# AVAILABLE DATA:
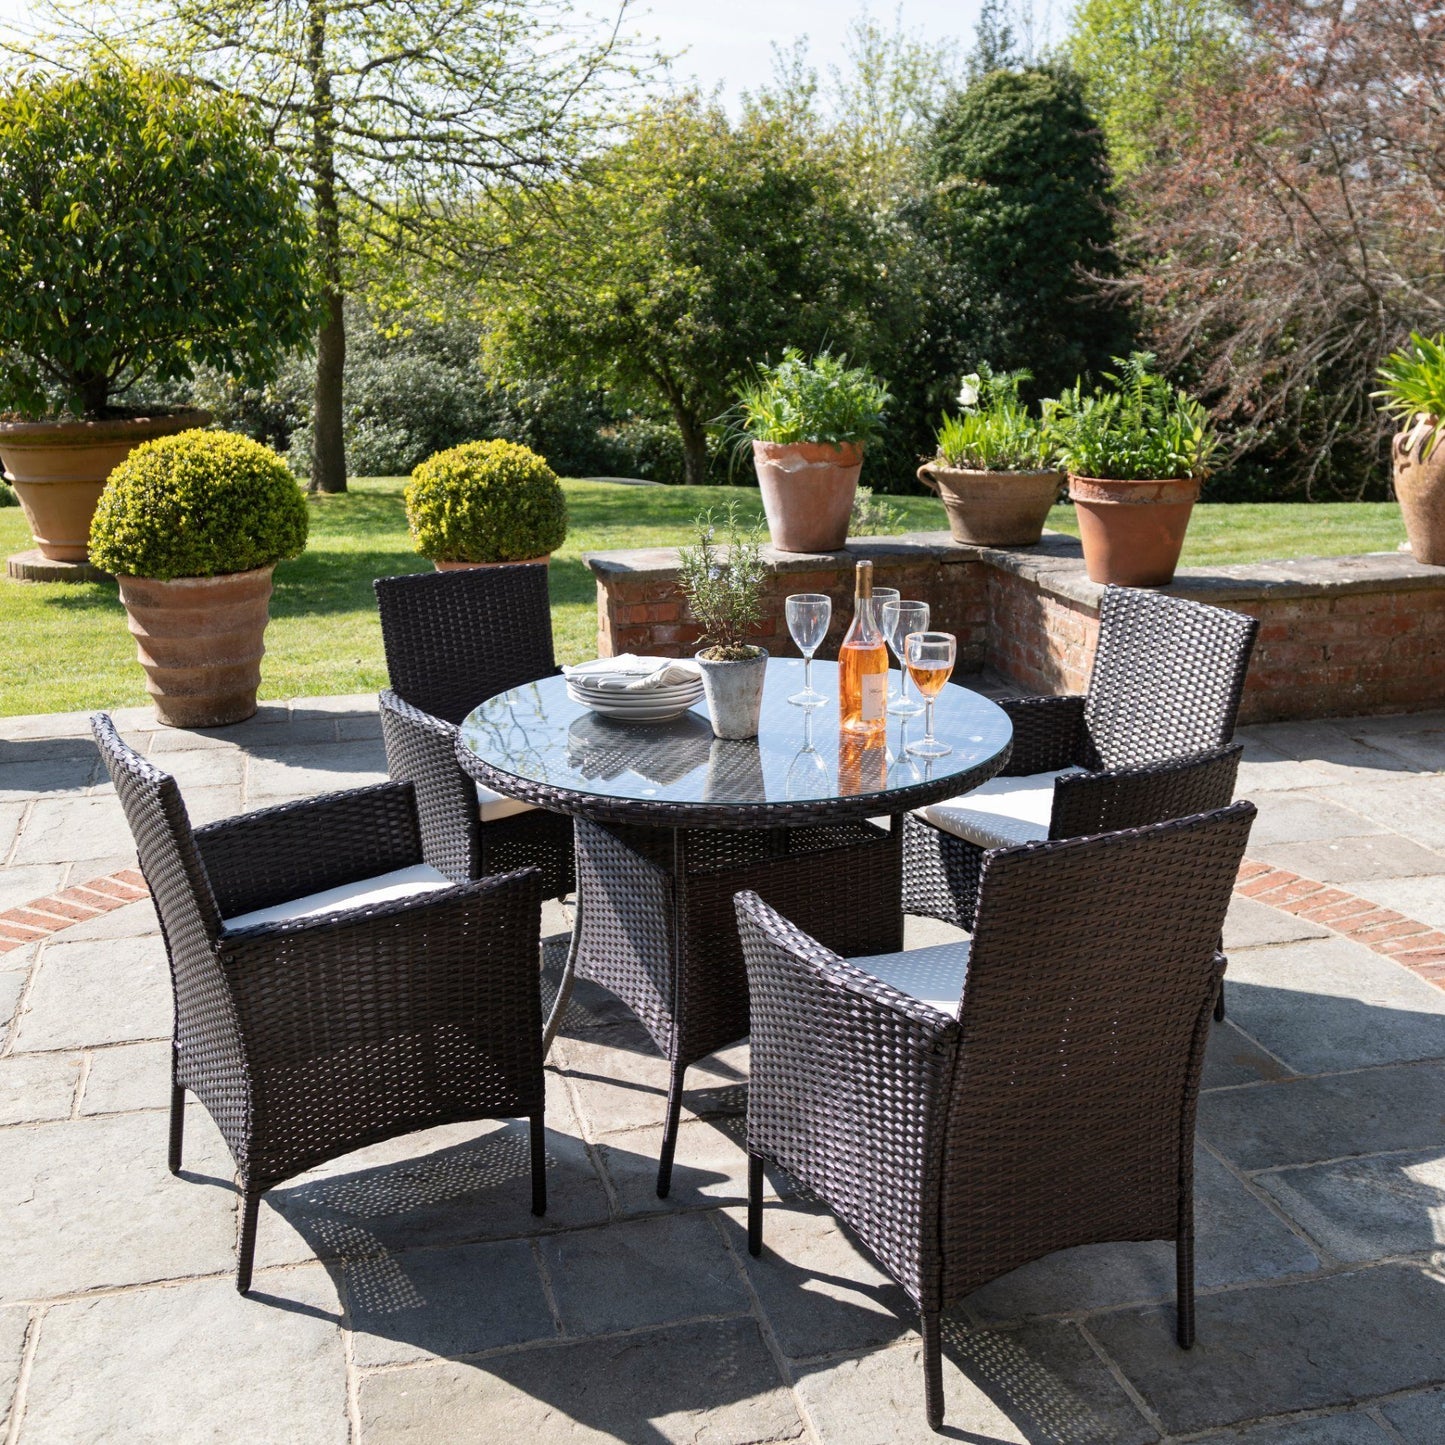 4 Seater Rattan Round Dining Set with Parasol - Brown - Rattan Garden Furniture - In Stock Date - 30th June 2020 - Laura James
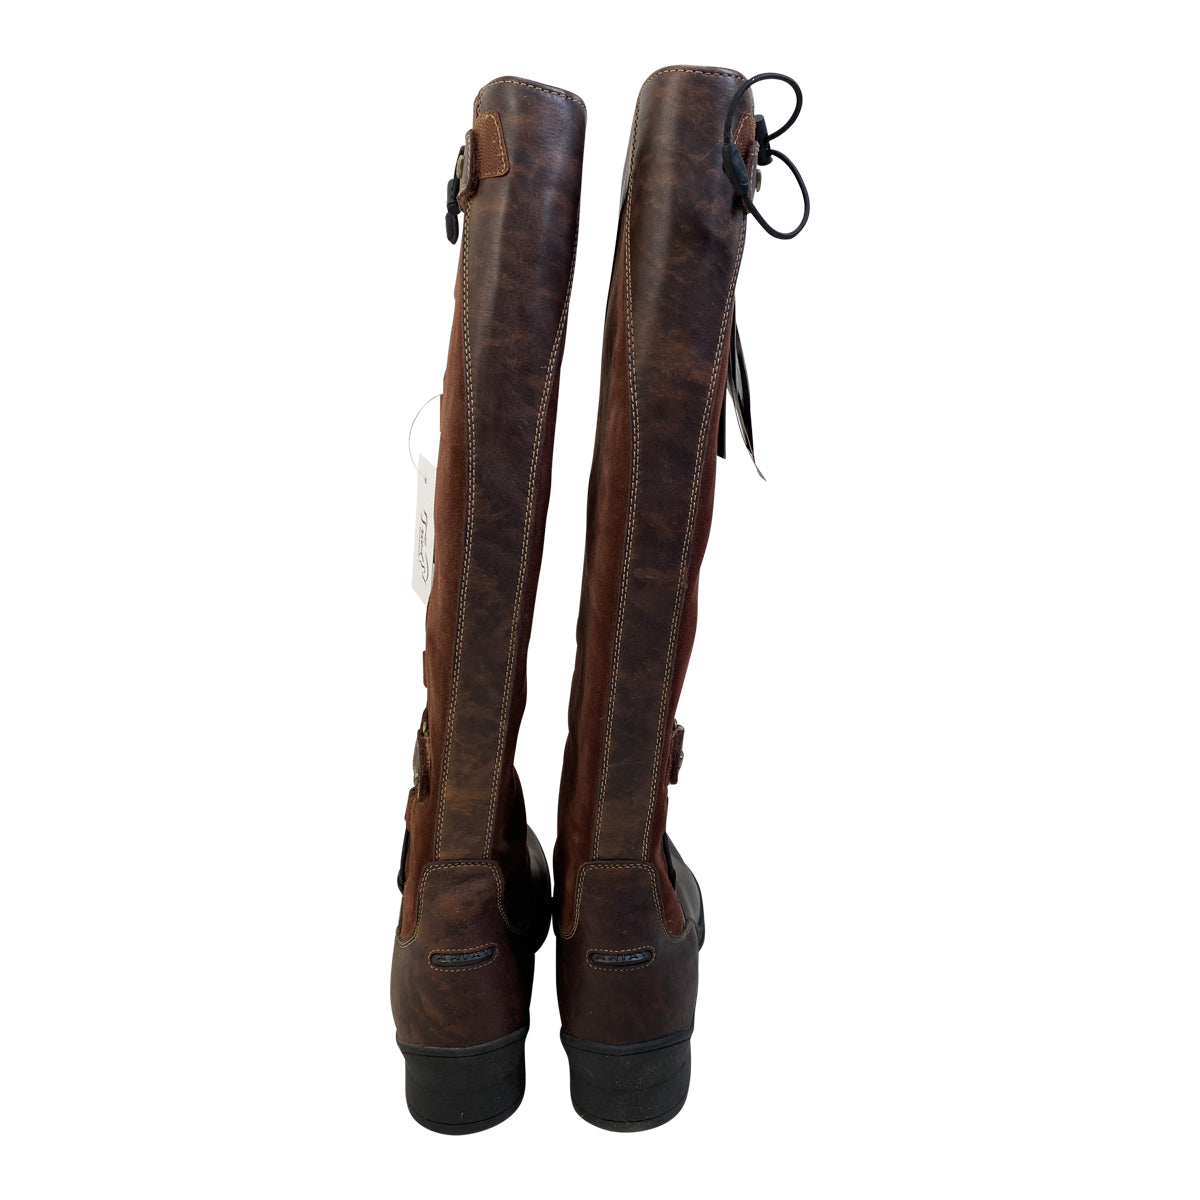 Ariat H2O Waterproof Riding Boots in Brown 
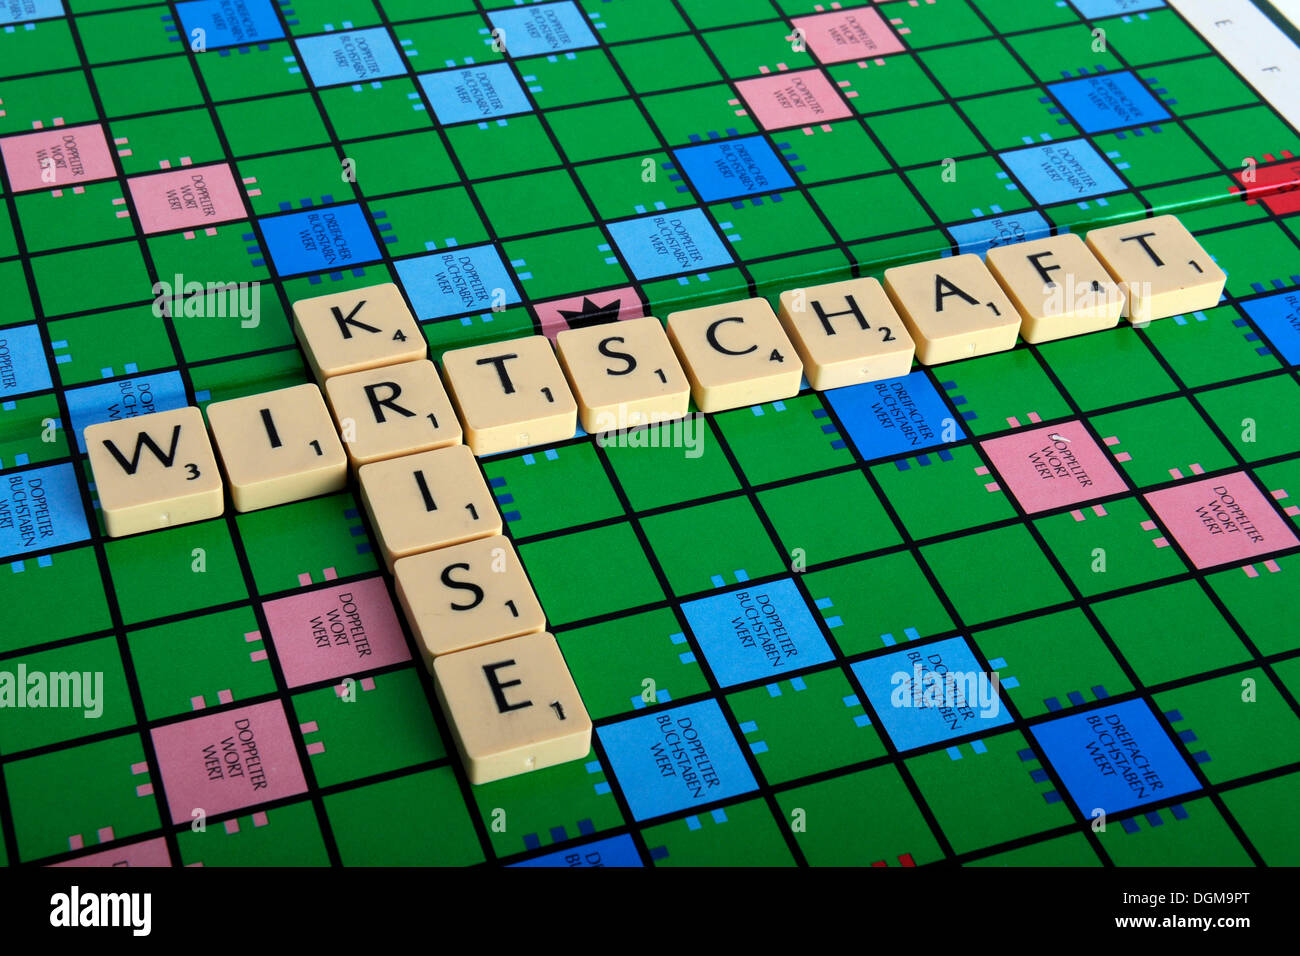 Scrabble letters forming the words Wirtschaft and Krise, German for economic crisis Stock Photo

# THE TASK:
When you write out the material, reproduce each line exactly and omit any picture it holds.

# EXERCISE SOLUTION:
 4 Seater Rattan Round Dining Set with Parasol - Brown - Rattan Garden Furniture - In Stock Date - 30th June 2020 - Laura James
 Ariat H2O Waterproof Riding Boots in Brown 
 Scrabble letters forming the words Wirtschaft and Krise, German for economic crisis Stock Photo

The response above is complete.